Skeletal muscle has been recognized as an endocrine organ, and muscle cell cultures express several cytokines with potential hormonal effects (Akerstrom et al., 2005). Contracting muscle fibers produce and release IL-6, and plasma levels of this cytokine are markedly elevated in response to physical exercise (Keller et al., 2005). Increased plasma IL-6 is observed after intense, prolonged exercise (Haddad et al., 2005; Rosendal et al., 2005).

It is well known that IL-6 stimulates the production of IL-1ra, which binds to and blocks the IL-1 receptor, thus exerting strong anti-inflammatory effects. With exercise, peak IL-1ra is found 1-2 h after the peak of IL-6. From this, it is assumed that the level of IL-1ra reflects the production of IL-6 (Ronsen et al., 2002). In our study, insignificant increases in IL-6 levels in moderate and strenuous exercise groups may be due to limited number of animals in control and exercise groups or the training protocols we used. However, our findings indicate that IL-6 production may not correlate with the duration of chronic running exercise because the elevation of IL-6 in the strenuous exercise group was less than the moderate exercise group (Figure 1). We found that serum IL-1ra level slightly increased in both exercise groups and this result was not correlated to non-significant increase in serum IL-6 level in these exercise groups. The elevation of IL-6 level may be related to duration of exercise. It was demonstrated that there was a negative correlation between serum IL-6 concentration and running time and positive correlation between plasma IL-6 concentration and running intensity (Ostrowski et al., 2000).

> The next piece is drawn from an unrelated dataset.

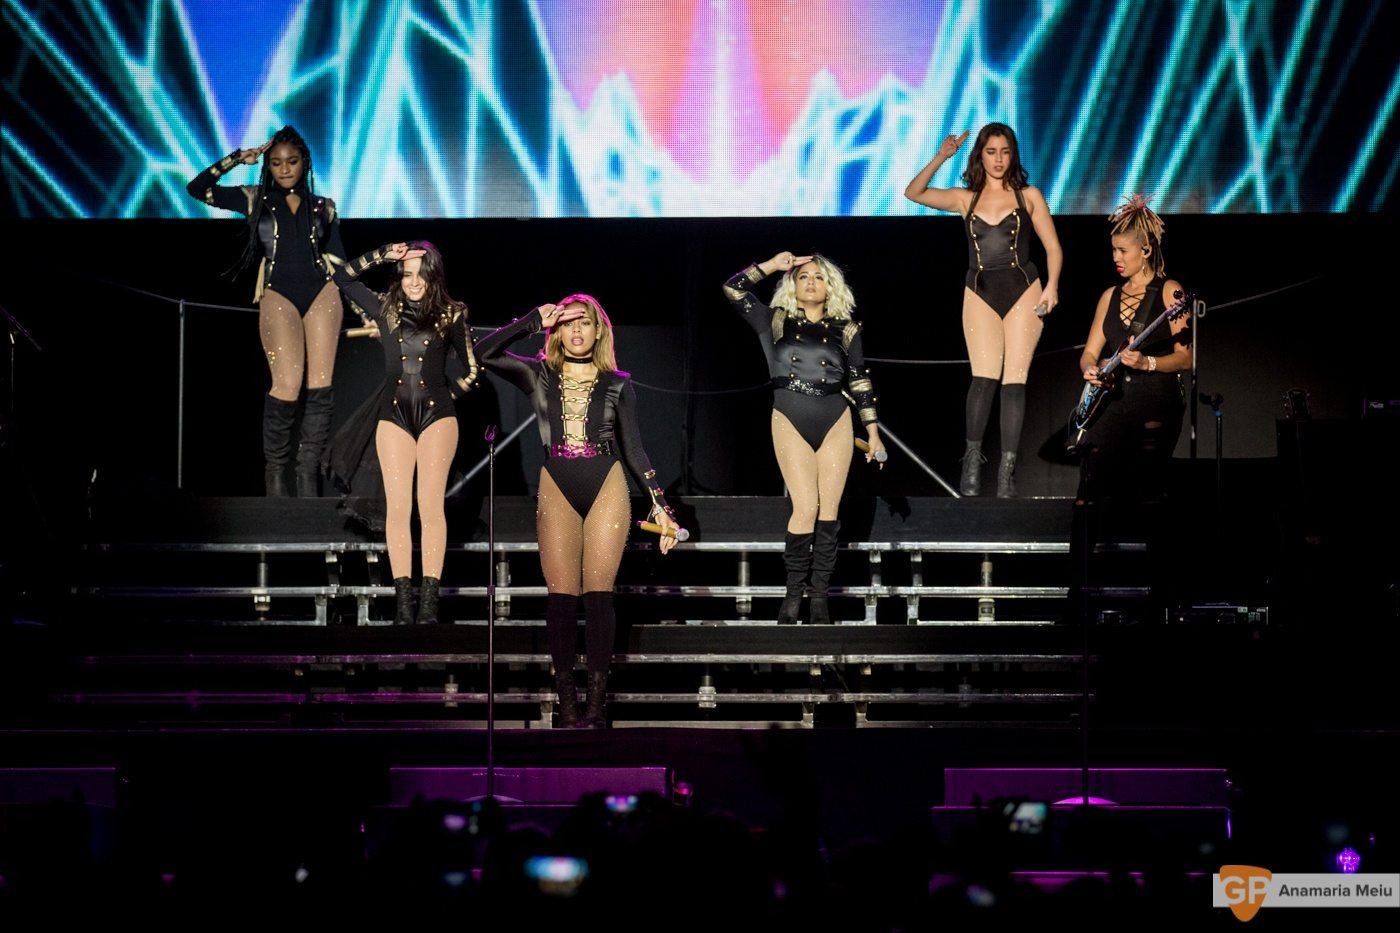 Fifth Harmony at 3Arena by Anamaria Meiu

Based on our present data and the literature, one could speculate that a single bout of strenuous exercise increases IL-17 production. This cytokine activates macrophages and fibroblasts, secretion of cytokines and stromal cells, including their expression of intercellular adhesion molecule-1 (ICAM-1), and secretion of cytokines (IL-6, IL-8, IL-11), granulocyte-colony stimulating factor [G-CSF]), prostaglandin E2, and nitric oxide (Borish et al. 2003; Sigal, 2004). MPO activity is another marker of neutrophil activation. It is a catalyzing enzyme that metabolizes superoxide radicals produced during neutrophil activation (Dularay et al., 1990). It has been speculated that IL-17 can activate neutrophils in association with their recruitment into the airways in vivo (Hoshino et al., 2000). However, similar activation of MPO by IL-17 for the skeletal muscle is not known. In our study, in contrast to plasma IL-6 level, tendencies of increases in serum IL-1ra and IL-17 are parallel to the duration of treadmill exercise. Increase in MPO levels of gastrocnemius muscle of rats especially in strenuous exercise group may also be related to the duration of running exercise. In the whole blood or plasma, biochemical markers strictly correlated with MPO activity may help to determine tissue damage in skeletal muscle of human. From our results, serum or plasma IL-17 level may be a useful biochemical marker to determine acute exercise-induced inflammation in skeletal muscles of trained animals or human subjects. However, we did not show any significant correlation between serum IL-17 level and muscle MPO activity because of limited number of rats in our experimental groups.

• A single bout of acute strenuous running exercise markedly elevated IL-17 production.
• This preliminary result should be supported by forthcoming studies that investigate the role of IL-17 in acute inflammatory process of skeletal muscle.